Dataset excerpt:
=======
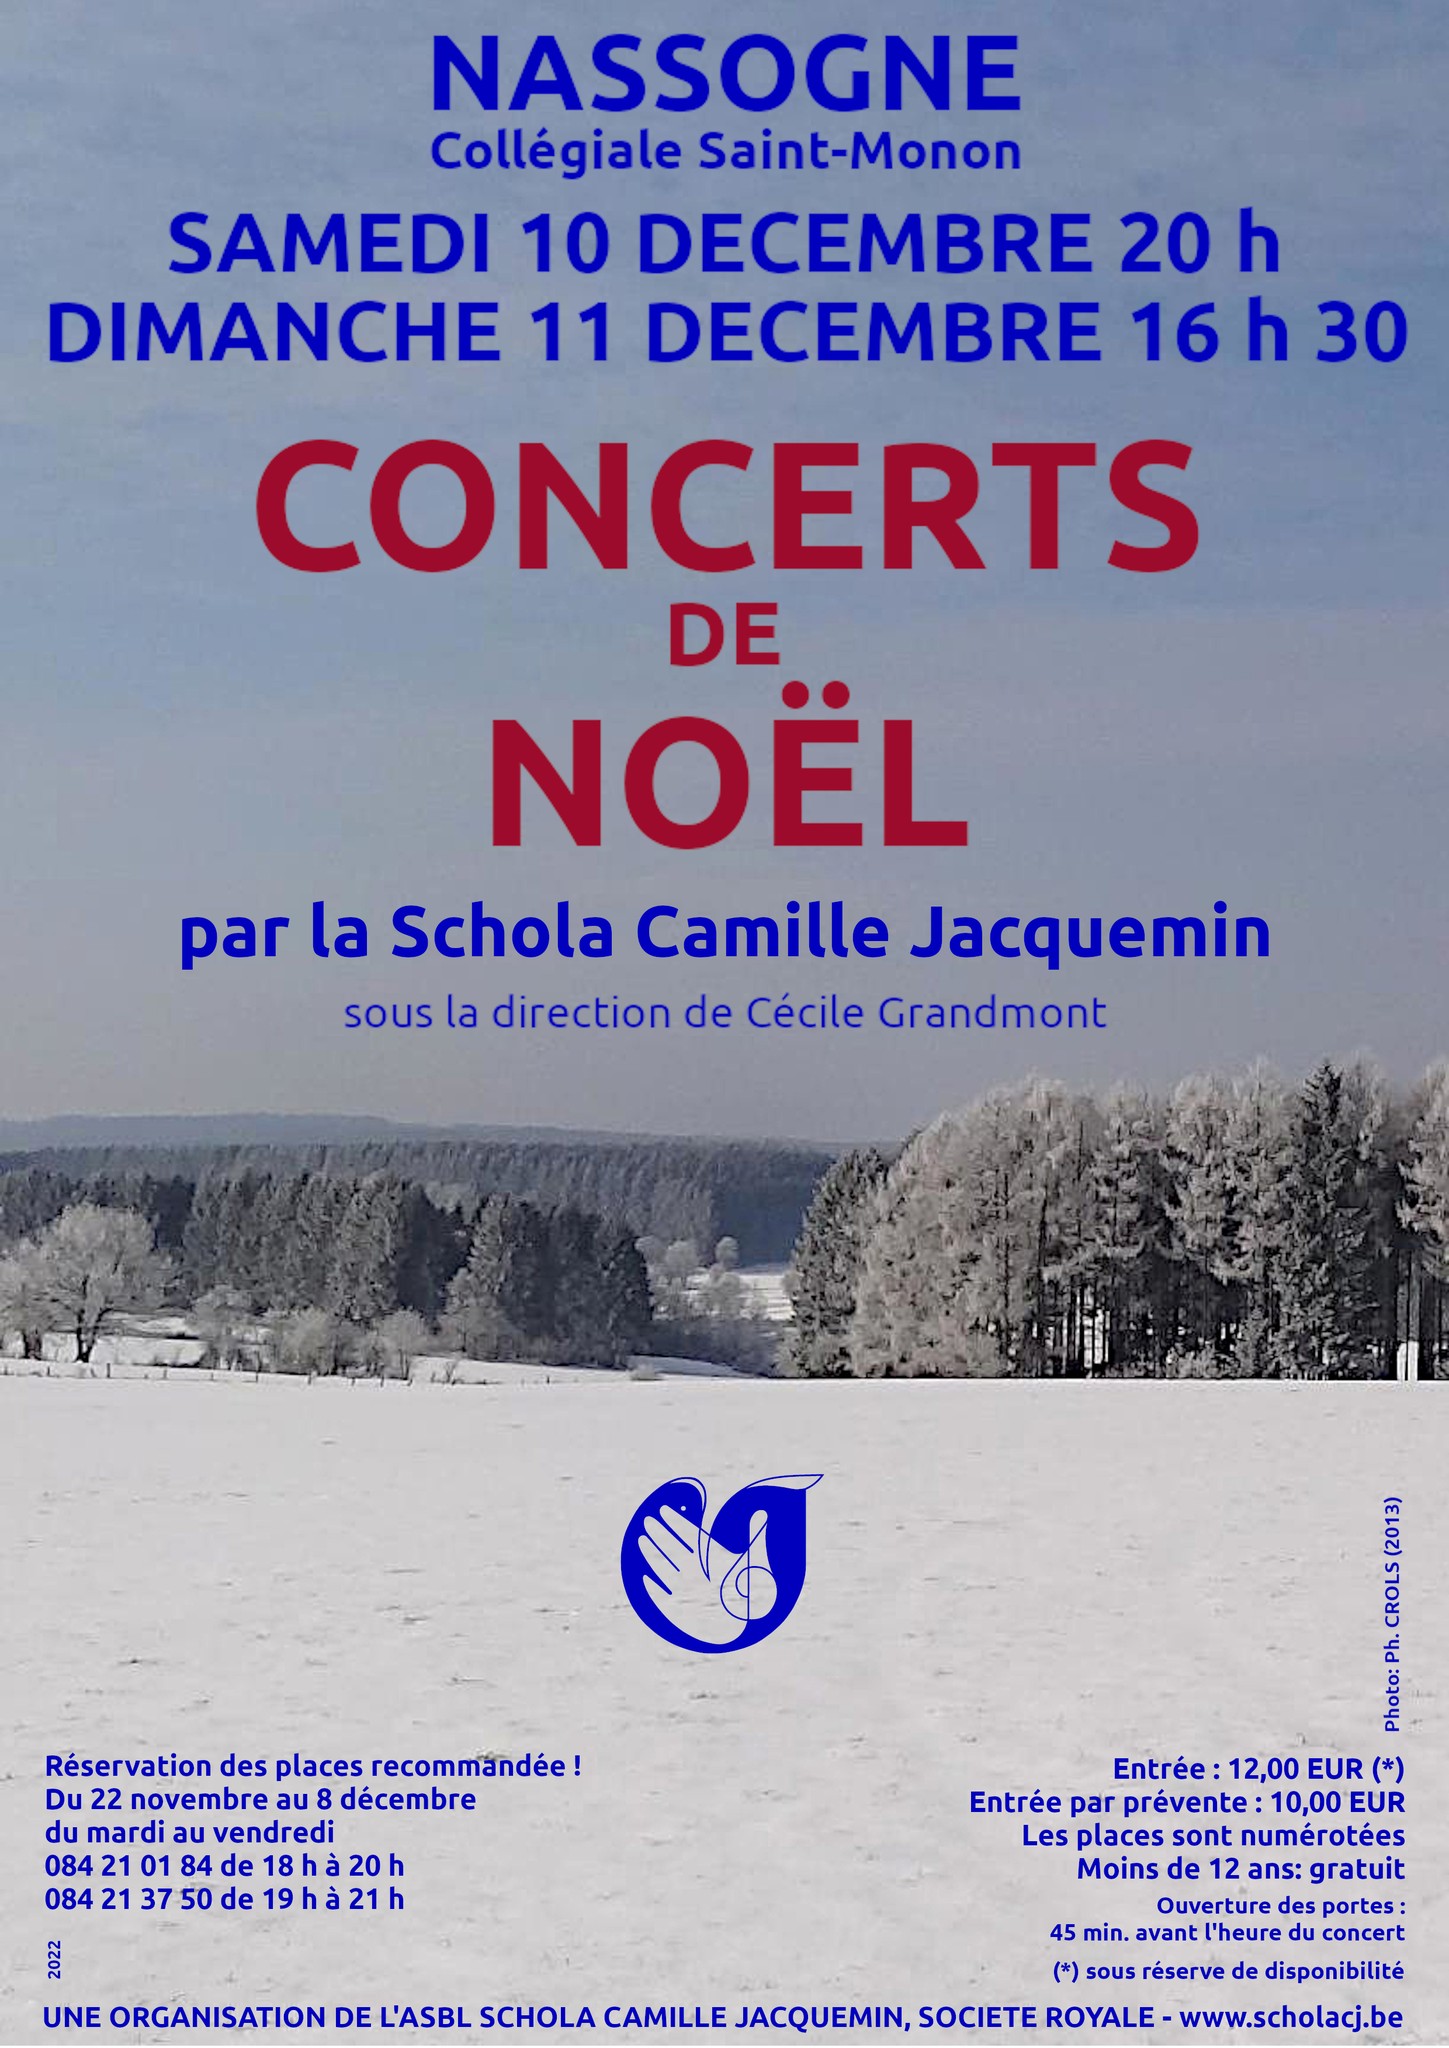 Double concert de Noël de la Schola Camille Jacquemin, 
					les 10 et 11 décembre 2022 à Nassogne
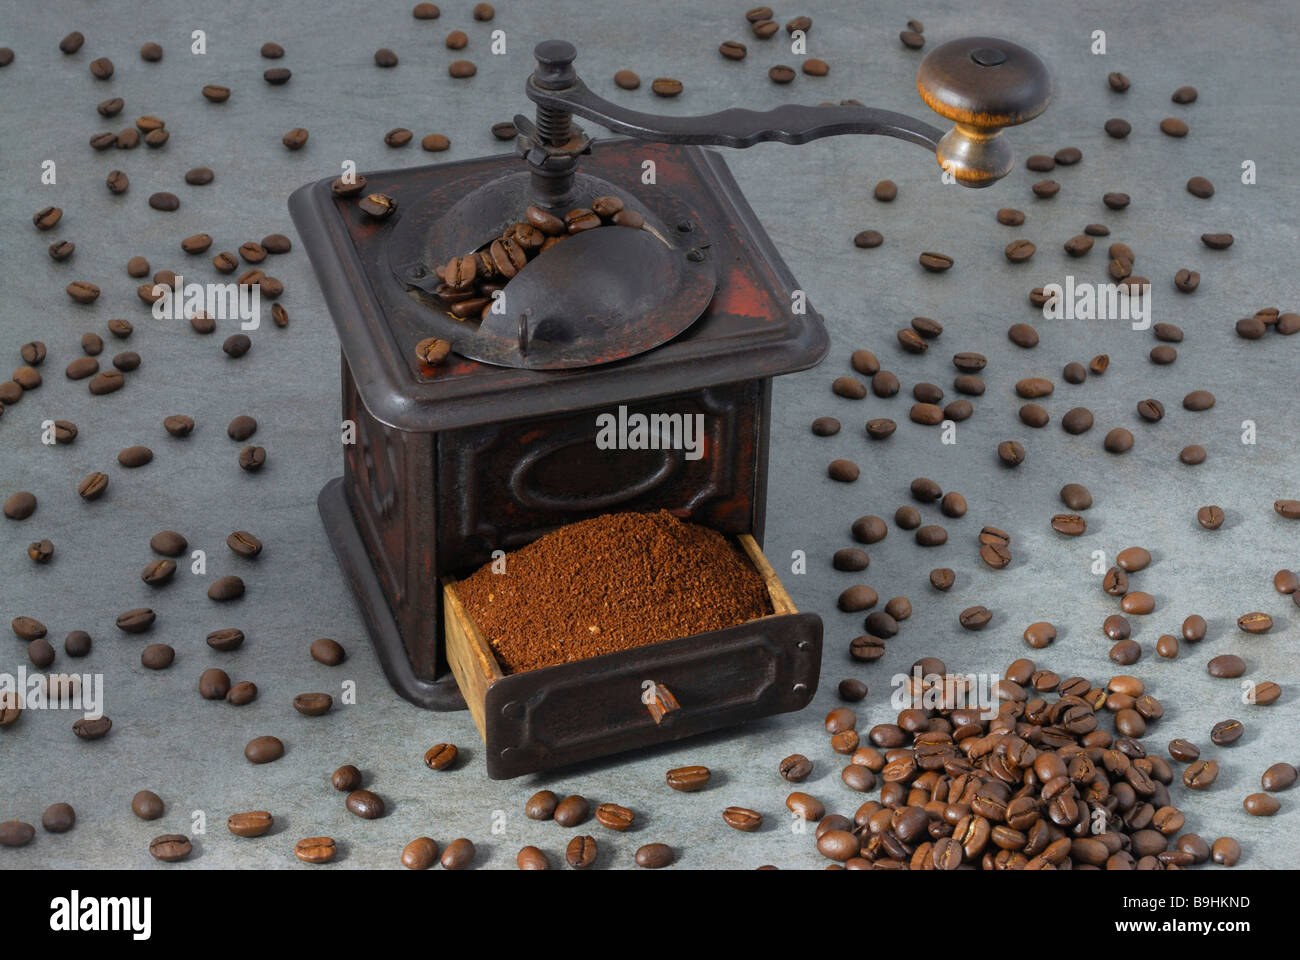 Metallo antico mulino di caffè con un cassetto pieno di caffè macinato, stando in piedi in mezzo sparsi i chicchi di caffè Foto Stock
=======
What is required: Each line from the one that contains "les 10 et 11 décembre 2022 à Nassogne" to the end of the listing must be quoted exactly; no other line and no picture belongs in the copy.

Result:
					les 10 et 11 décembre 2022 à Nassogne
 Metallo antico mulino di caffè con un cassetto pieno di caffè macinato, stando in piedi in mezzo sparsi i chicchi di caffè Foto Stock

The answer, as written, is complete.